=== Activity ===
Reproduce the lines below verbatim. Pictures are to be omitted.

=== Information provided ===

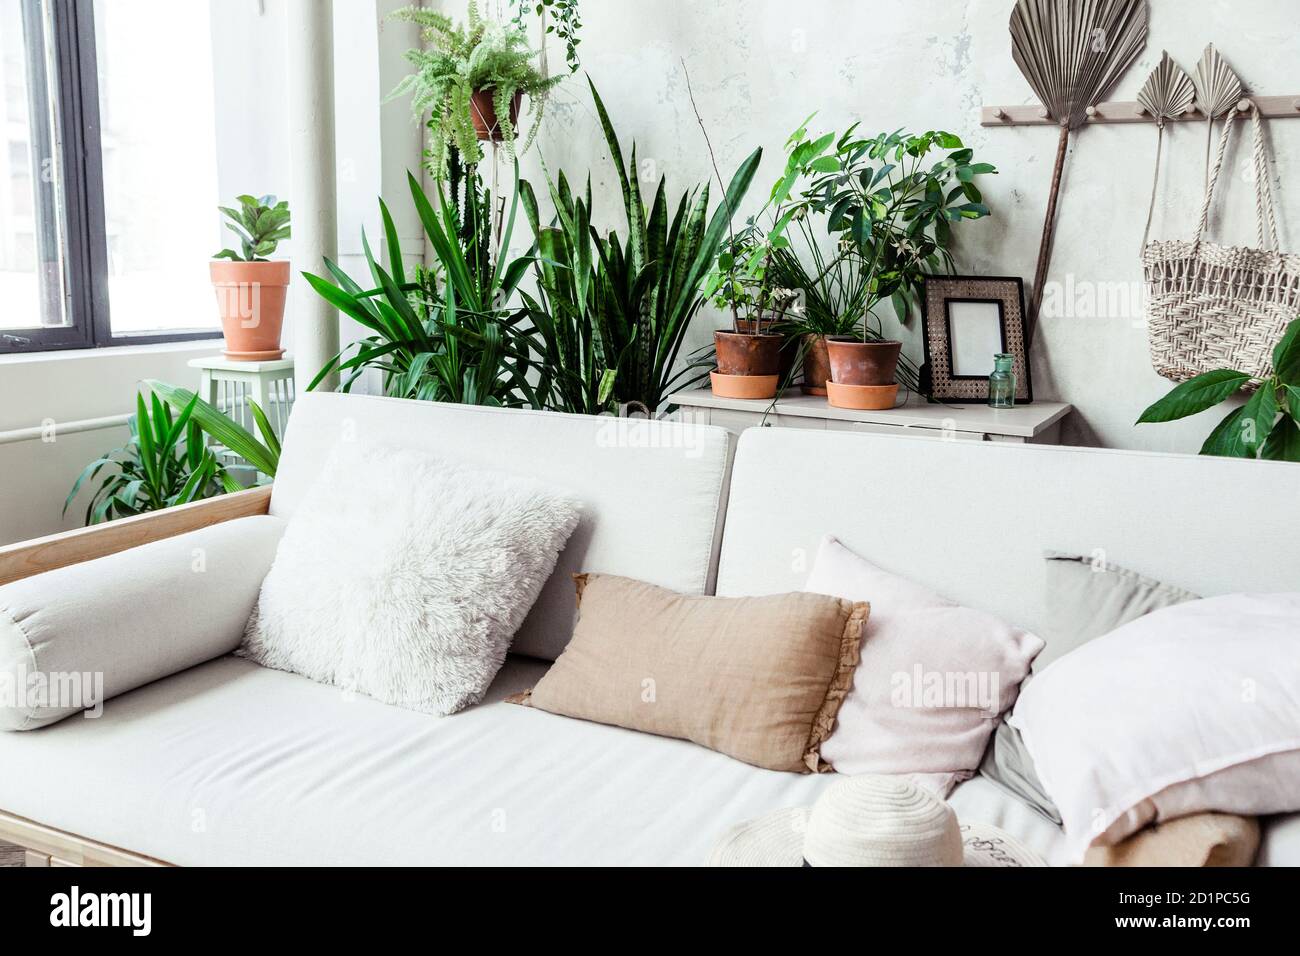 Sofá ligero con almohadas contra una pared gris. Hay muchos potes de plantas verdes detrás del sofá. Foto de stock
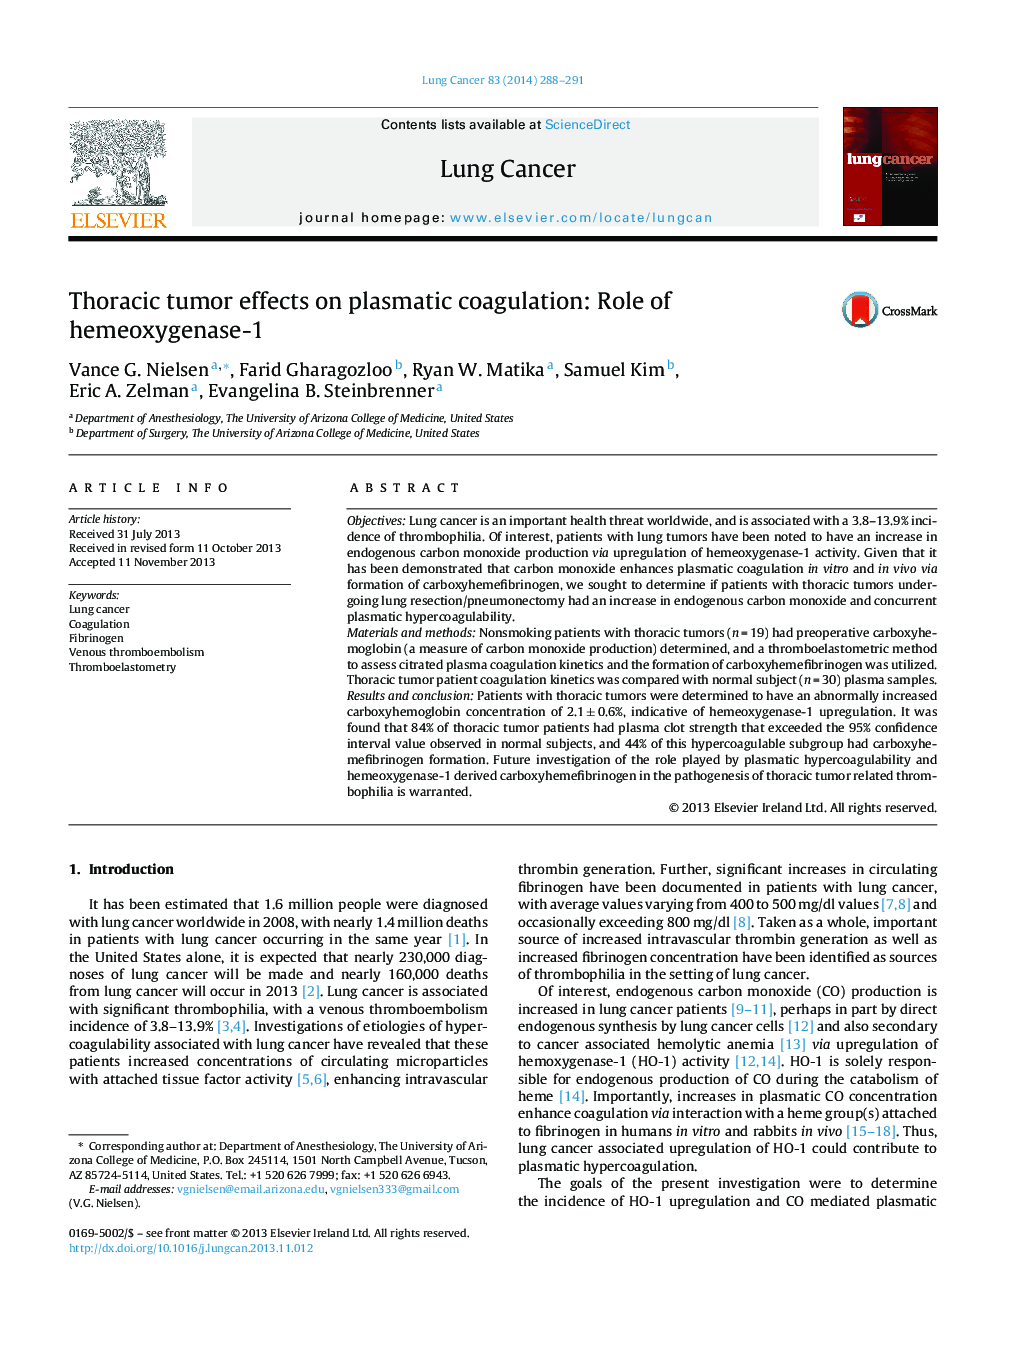 Thoracic tumor effects on plasmatic coagulation: Role of hemeoxygenase-1
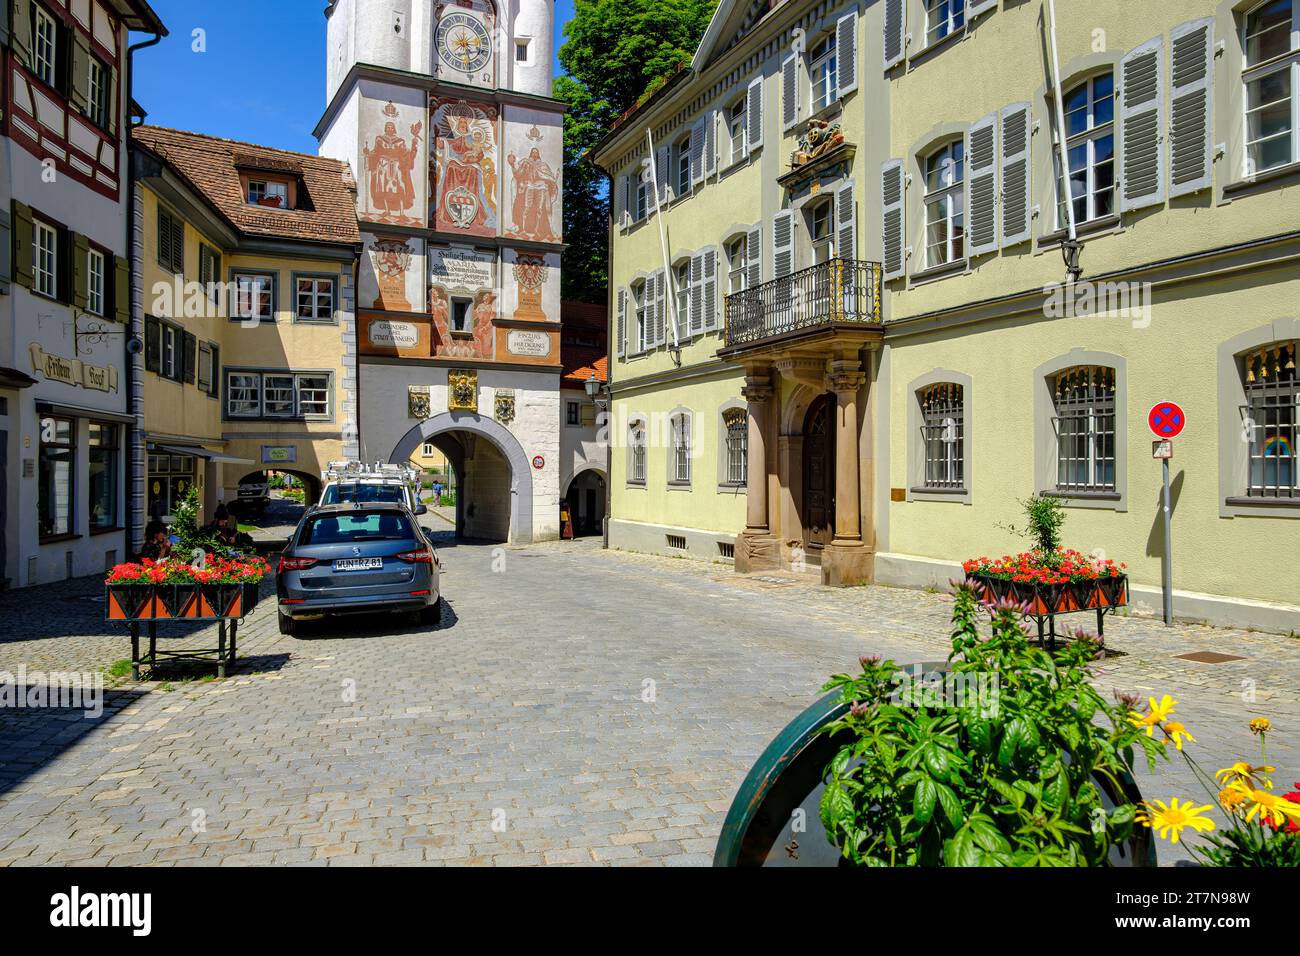 Frauentor du 14e siècle, également connu sous le nom de porte de Ravensburg, dans la vieille ville de Wangen im Allgäu, haute-Souabe, Allemagne. Banque D'Images

=== Response ===
 Sofá ligero con almohadas contra una pared gris. Hay muchos potes de plantas verdes detrás del sofá. Foto de stock
 Thoracic tumor effects on plasmatic coagulation: Role of hemeoxygenase-1
 Frauentor du 14e siècle, également connu sous le nom de porte de Ravensburg, dans la vieille ville de Wangen im Allgäu, haute-Souabe, Allemagne. Banque D'Images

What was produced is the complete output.